_WORK TO BE COMPLETED_
Word for word, restate the lines of the data below between those holding "Pour faire face" and "DC FANDOME: A", inclusive; pictures do not belong in the copy.

_SOURCE INFORMATION_
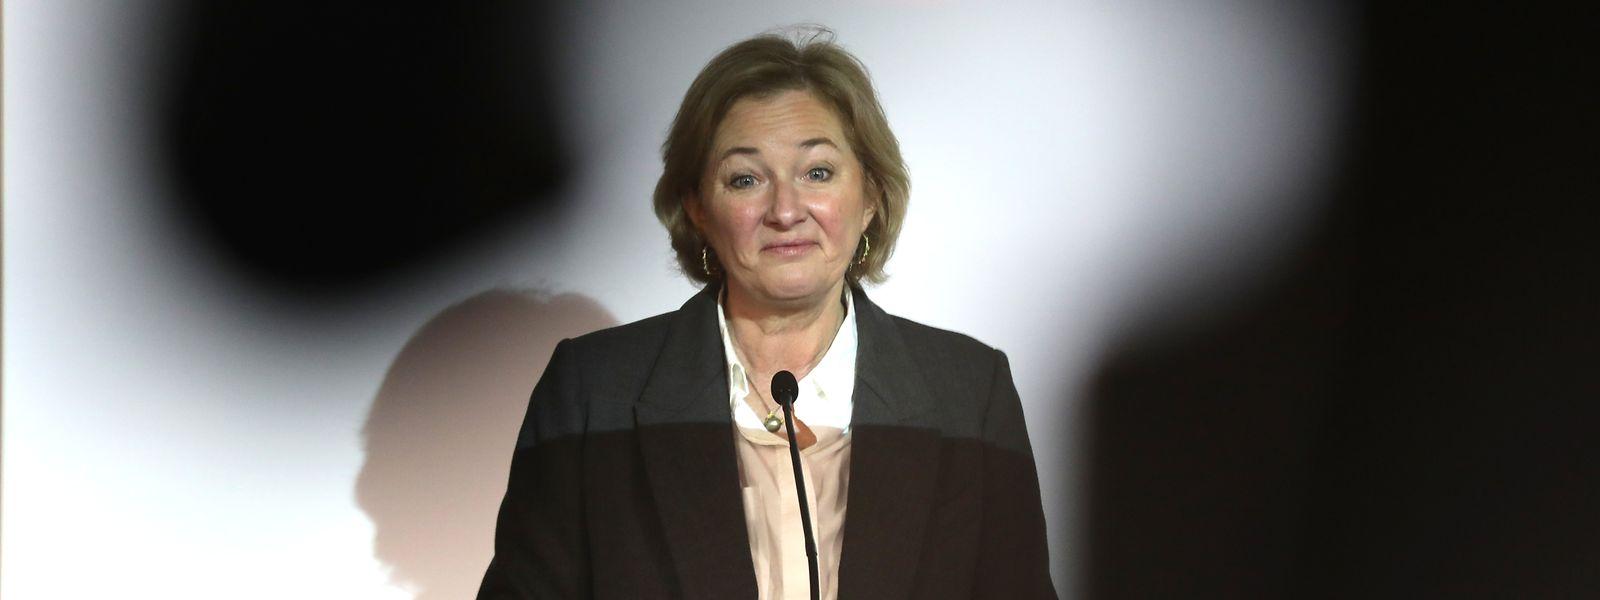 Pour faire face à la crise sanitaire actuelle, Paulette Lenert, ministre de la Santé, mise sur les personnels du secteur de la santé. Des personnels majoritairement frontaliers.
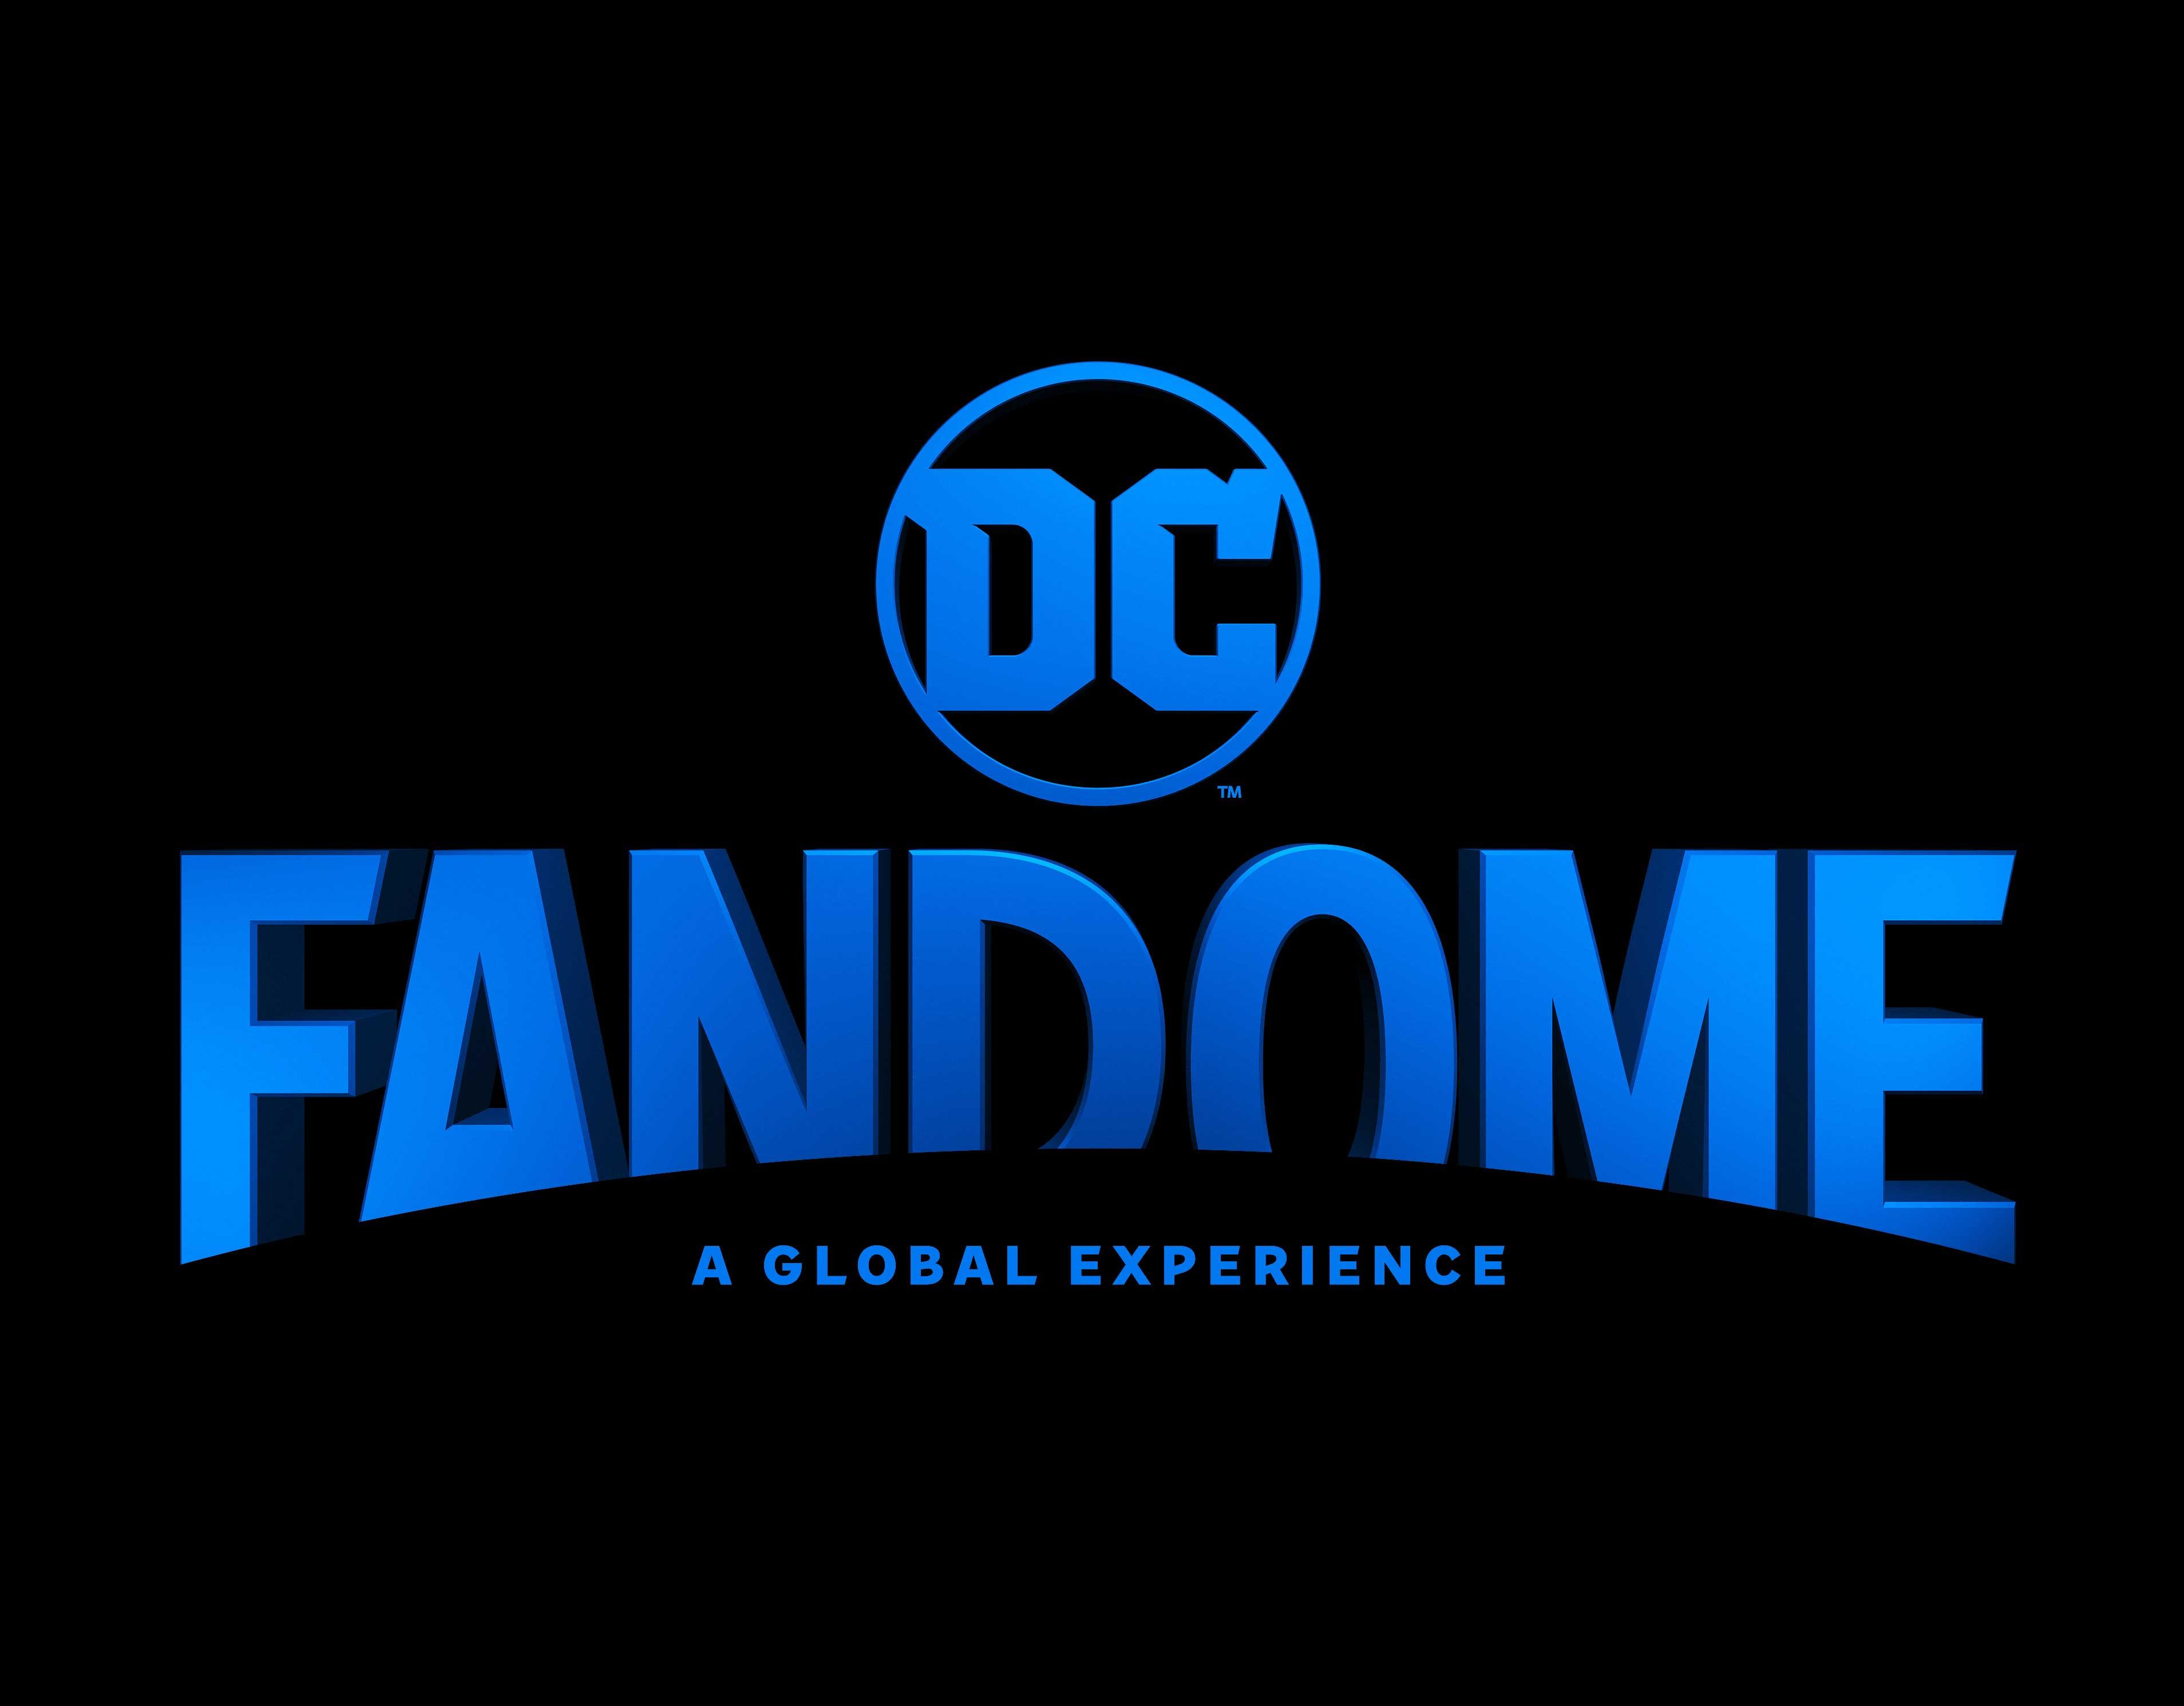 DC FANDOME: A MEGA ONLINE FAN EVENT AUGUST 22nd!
==
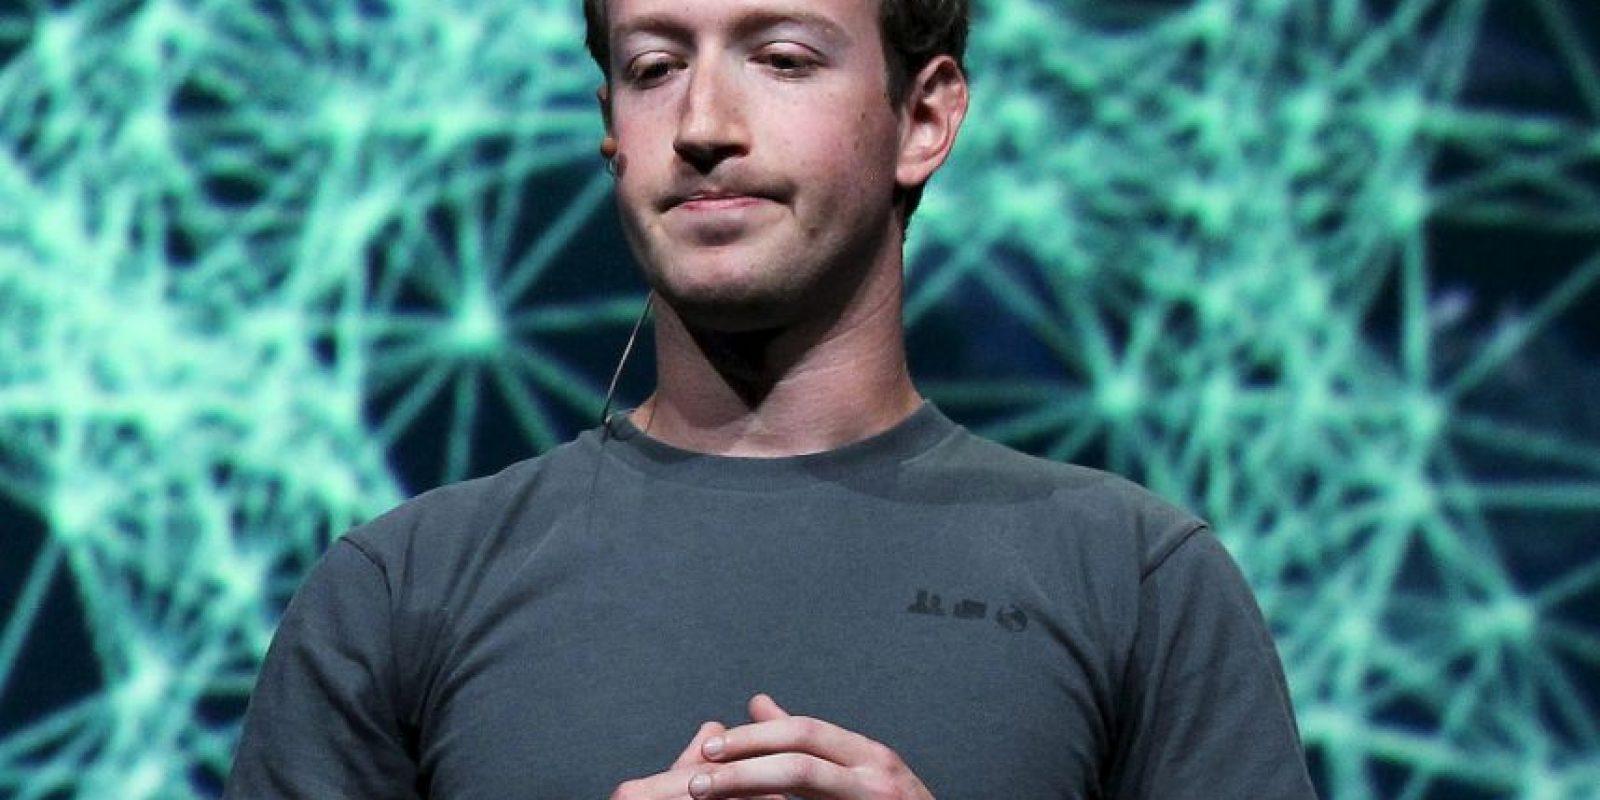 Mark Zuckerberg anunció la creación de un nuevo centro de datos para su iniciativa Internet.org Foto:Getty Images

_ANSWER BELOW_
 Pour faire face à la crise sanitaire actuelle, Paulette Lenert, ministre de la Santé, mise sur les personnels du secteur de la santé. Des personnels majoritairement frontaliers.
 DC FANDOME: A MEGA ONLINE FAN EVENT AUGUST 22nd!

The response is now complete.